Es ist eine richtige Männergesellschaft, die da im Hause Simons des Aussätzigen zusammengefunden hat. So war es übrigens mit den meisten Gesellschaften damals. Die Frauen hatten zu bedienen und das Haus zu verwalten, während die Männer die Lage der Welt und andere wichtige Fragen diskutierten. Sie konnten wirklich viel Zeit mit so einer Mahlzeit verbringen; sie lagen ja auch zu Tisch, und es wurden nach orientalischer Sitte viele Gänge aufgetischt, – und man nahm immer nur ein bisschen von jedem Gericht.

Hier sind ziemlich viele gekommen; aber das war kein ungewohnter Anblick. Vielleicht war der gute Simon dennoch ein wenig überrascht, als er Jesus einlud und dann sah, dass noch ganze zwölf Gäste mitkamen, nämlich seine getreuen Gefolgsleute – die Jünger, wie wir sie mit einem feinen Wort nennen. Diese Überraschung sollte aber nur eine Kleinigkeit sein im Verhältnis zu dem, was sich später noch ereignen sollte.

Jesu Leben sollte nur noch wenige Tage dauern. Betania liegt vor den Toren Jerusalems, Jesus ist auf dem Wege dorthin. Er hat alle Warnungen in den Wind geschlagen und ist nun fest entschlossen, in die Hauptstadt zu ziehen, wo seine Feinde gegen ihn beratschlagen. Er hat in den letzten Tagen auch mehrfach vorhergesagt, was mit ihm geschehen wird: Dass er gefangen genommen werden wird und leiden und sterben und von den Toten auferstehen wird. Aber sie haben nichts davon richtig begriffen. Sie wissen nur, dass der Besuch in Jerusalem mit tödlicher Gefahr für ihn und für sie verbunden ist.

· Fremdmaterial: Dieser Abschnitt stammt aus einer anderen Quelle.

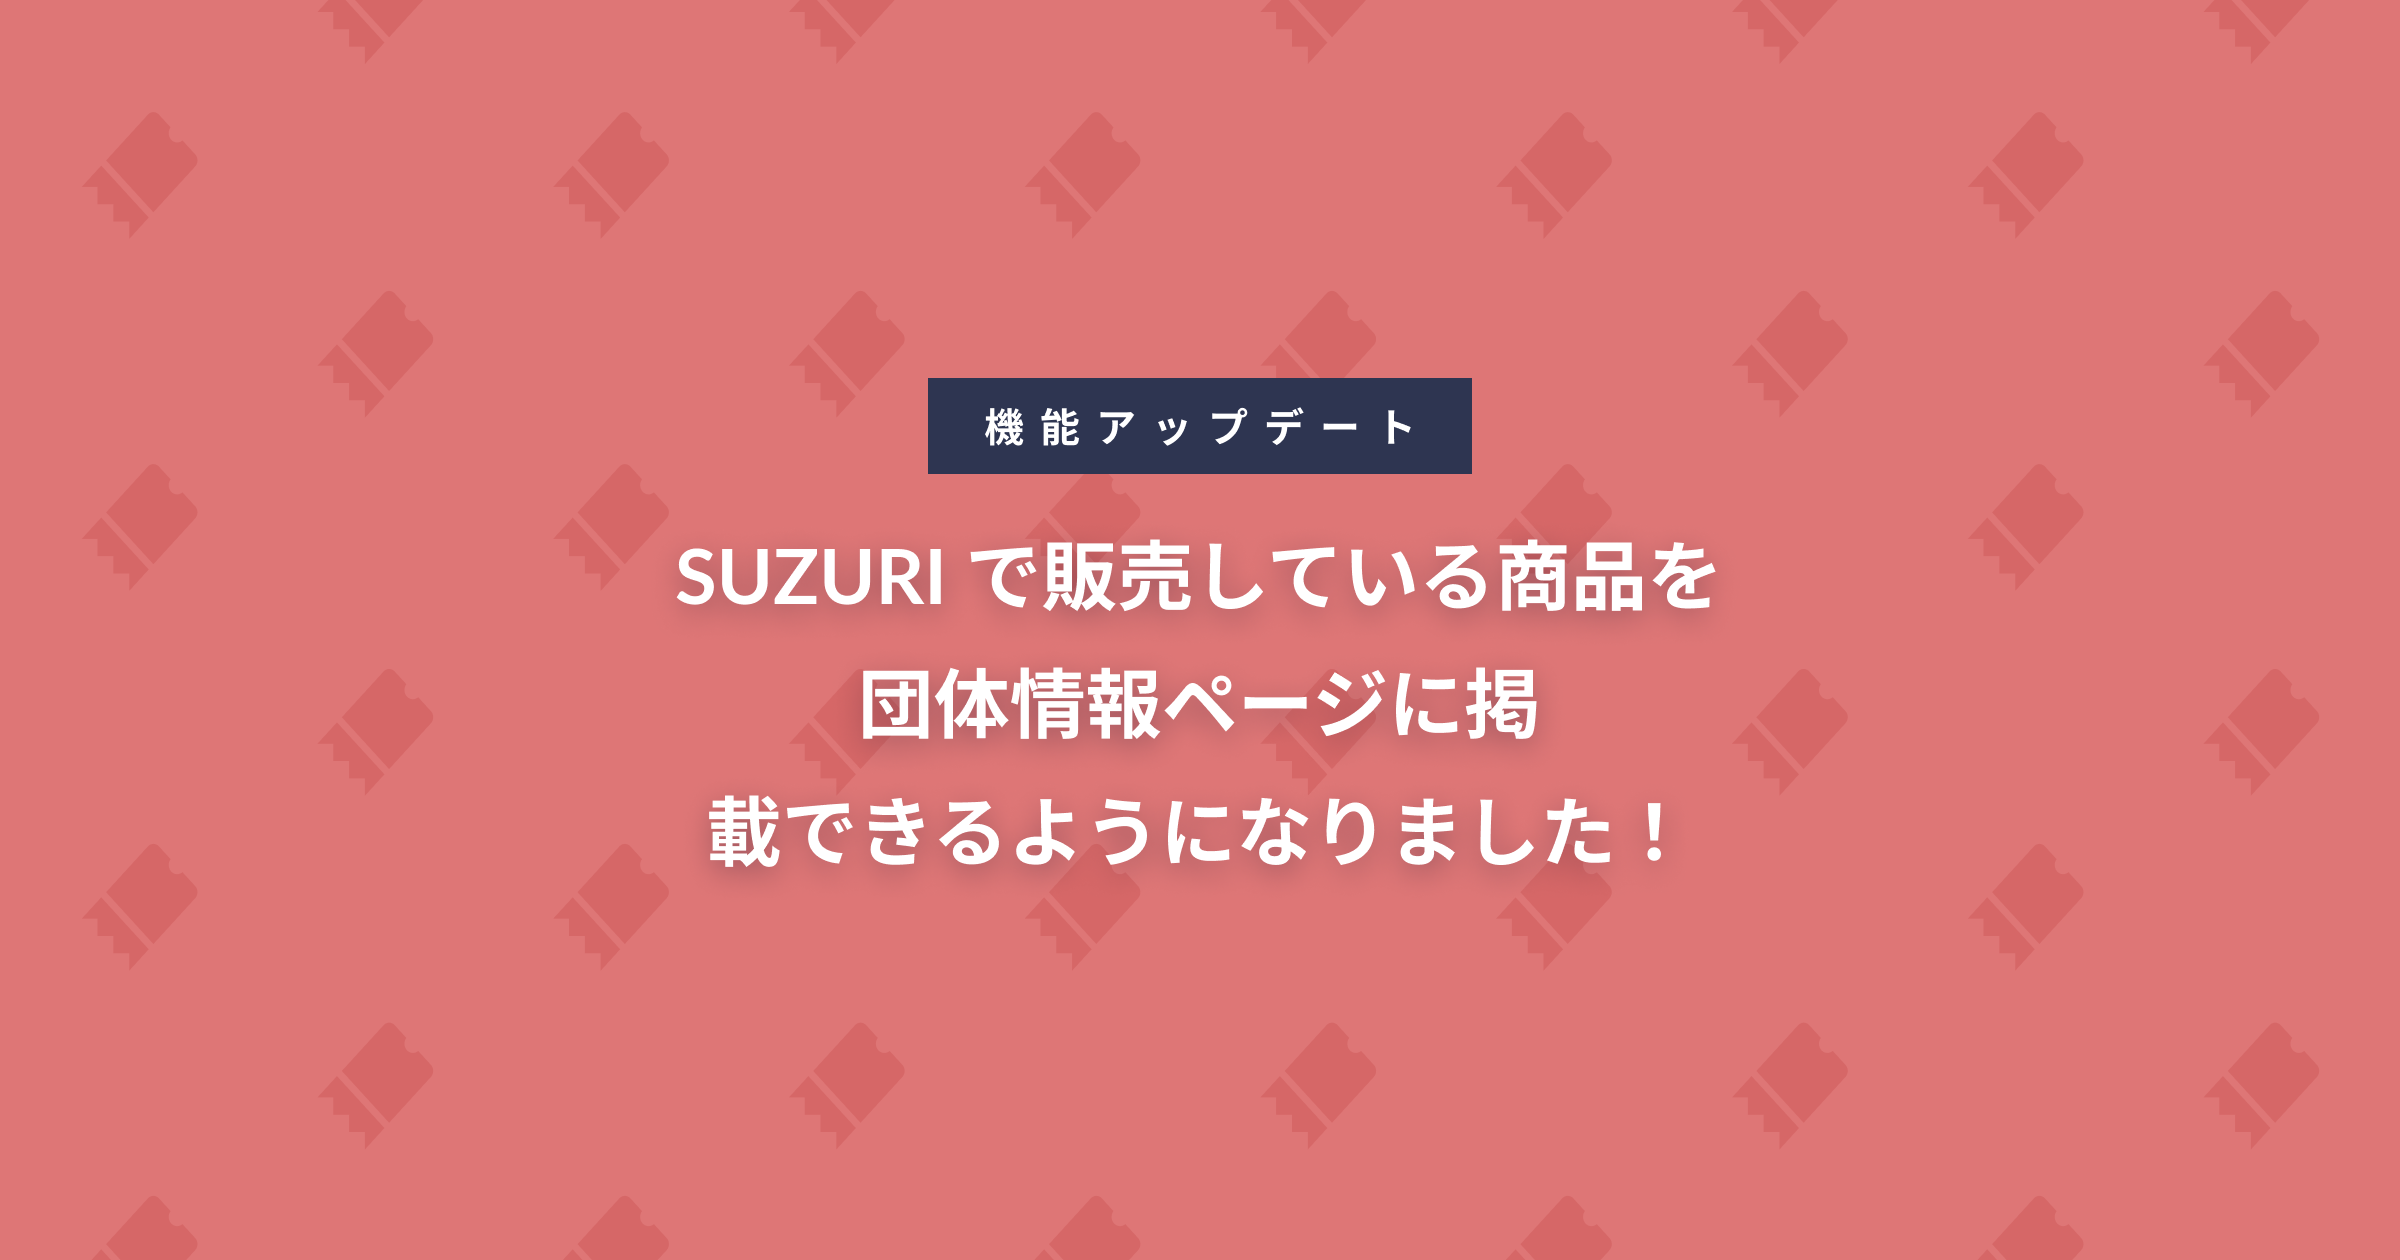 SUZURI で販売している商品を 団体情報ページに 掲載できるようになりました！

Plötzlich kommt sie herein, diese fremde Frau. Es wird ganz still in der Stube. Ein angenehmer Duft verbreitet sich um sie, und sie sieht gut aus. Es ist nicht leicht für einen Mann, unter solchen Umständen Würde zu bewahren. Es ist ja bekannt, dass Frauen auf Männer Eindruck machen können; aber warum sollten sich die Männer absolut darüber schämen? Den Männern hier jedenfalls war die Situation unbehaglich. Nur Jesus scheint völlig unbeeindruckt. Er sieht die Frau fragend an.

Sie hat eine sehr schönes Gefäß bei sich. Diesem Gefäß entströmt der angenehme Geruch. Nardenöl! Der feinste Duft bei Frauen. Jahrhunderte hindurch bekannt. Nichts kann einen Mann mehr bezaubern. Es ist auch das teuerste Öl, das man überhaupt finden kann. (Öle waren das Parfüm der damaligen Zeit.) Die jungen Mädchen verschafften es sich und bewahrten es in diesen feinen Tongefäßen auf, bis sie eines Tages dem Auserwählten ihres Herzens begegnen würden. Am Tag vor dem großen Hochzeitsfest – oder vielleicht manchmal auch an diesem Tag selbst – salbten sie – nicht sich selbst – sondern den Bräutigam mit diesem Wohlgeruch ein. Er sollte ihn noch attraktiver und noch schöner machen, als er es in ihren Augen bereits war.

Dies hatte in Wirklichkeit auch etwas mit Gott zu tun. Das hatte damals alles. Wenn der Geliebte nach Nardenöl duftete, war er wie Gott selbst. Und wenn die Braut selbst ihren Bräutigam umarmte, dann war das, wie wenn man eins wurde mit einem Gott. Andere und billigere Ölsorten mochten auch genügen; aber echtes Nardenöl war die Nummer eins.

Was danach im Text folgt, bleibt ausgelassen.